Ich wünsche Dir auch ein - trotz allem - ruhiges Weihnachtsfest und etwas Besinnung

Liebe Grüße
Hina
Edeltraud
Beiträge: 1495
Registriert: 22. Mai 2003, 16:49

Re: Depressive Mutter & Panik vor den Feiertagen

Beitrag von Edeltraud »

Hallo Lil,

es wurde schon viel Kluges geschrieben, ergänzend möchte ich zu folgendem Abschnitt was schreiben:

>>>Nach langem Ringen konnten wir sie nun endlich von einem stationären Aufenthalt überzeugen - da wir mit unserem Latein und den Kräften am Ende sind - und nun dauert der bürokratische Kram mit Krankenkasse usw. schon so lange, dass sie wohl vor den Feiertagen gar nicht mehr aufgenommen werden kann. (Ich fasse es nicht, dass sie ihre Drohung Tabletten zu schlucken wohl wahr machen müsste, dass das alles schneller geht!)
Bürokratischer Kram und so - ich denke, wenn der Arzt den verschiedenen Stellen klar macht wie dringlich deine Mutter einen Platz in der Klinik braucht so kriegt sie den auch umgehend. Weiß der Arzt genau wie schlecht es deiner Mutter derzeit geht?

Viele Grüße,
Edeltraud
Rossili
Beiträge: 6
Registriert: 15. Dez 2006, 07:55

Re: Depressive Mutter & Panik vor den Feiertagen

Beitrag von Rossili »

Hallo Angel,
ich weiß jetzt nicht aus welcher Stadt Du kommst. Hier in Düsseldorf ist es kein Problem, jemanden stationär in der Landesklinik unterzubringen. Zur Zeit ist meine Mutter wieder dort - zum Glück geht es ihr mittlerweile spürbar besser.

Letztes Jahr hatte sie sich sogar quasi selber eingewiesen. Sie hat dort angerufen und gesagt, dass es ihr absolut nicht gut gehen würde und gefragt, ob sie sich in die Obhut der Klinik begeben könnte(es bestand aber zu keiner Zeit eine Suizidgefahr!). Es war überhaupt kein Problem. Sie hat sich dann einfach in ein Taxi gesetzt ist rübergefahren.
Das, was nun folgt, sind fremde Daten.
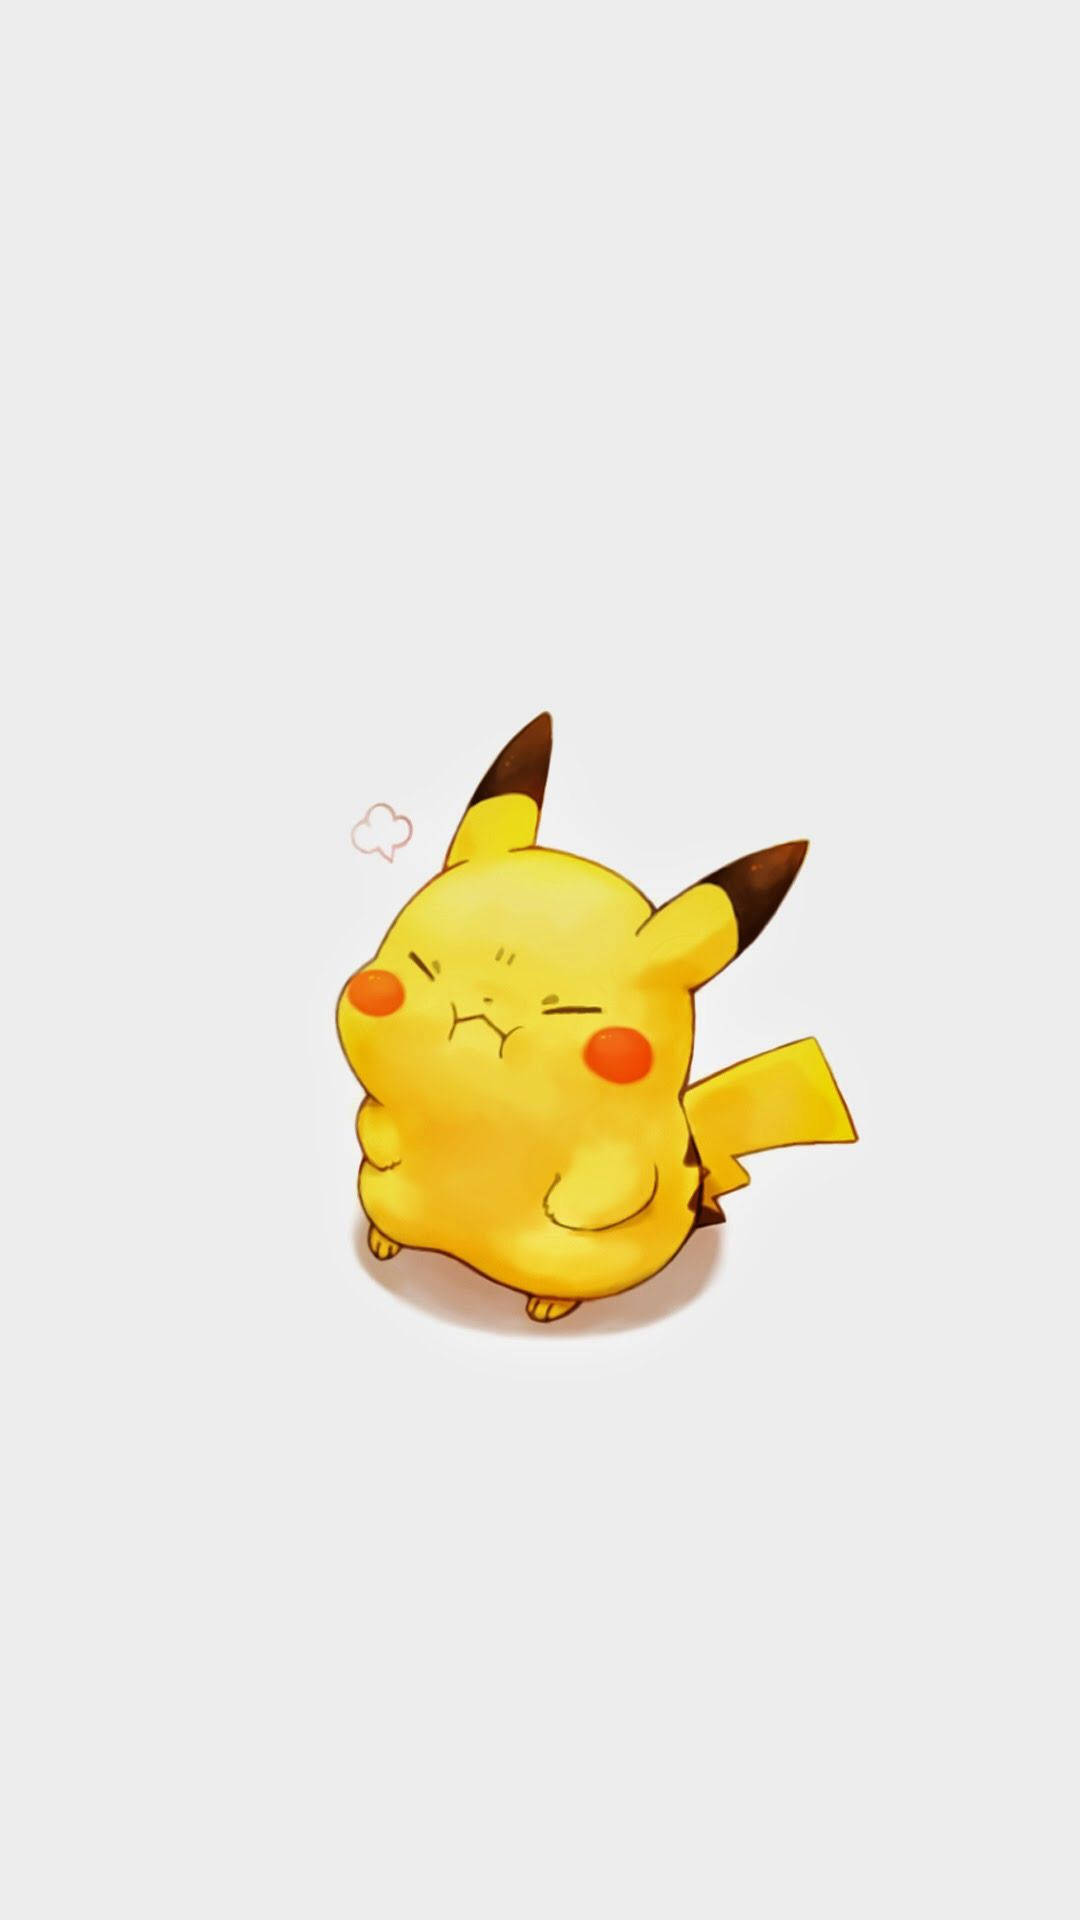 Cute Pikachu Cartoon Iphone Background

Ich kann es irgendwie nicht nachvollziehen, dass es soviel Papierkram bedeuten soll, um deine Mum dort unterzubringen...den kann man doch später immer noch regeln.

Ach und zum Thema schlechtes Gewissen etc. - das hatte ich auch am Anfang (als meine Mutter das erste Mal im KH war) und nicht zu wenig. Mittlerweile bin ich ein alter Hase und ziehe ganz klar meine Grenzen, weil man mich sonst ebenso daneben legen könnte. Ich bin beim ersten Mal fast jeden Tag da gewesen, um sie zu besuchen. Mittlerweile, es ist der 4. KH-Aufenthalt, gehe ich einmal die Woche hin und wir beide kommen gut klar damit.

Ich wünsche Dir alle Kraft der Welt und trotz allem ein schönes Weihnachtsfest!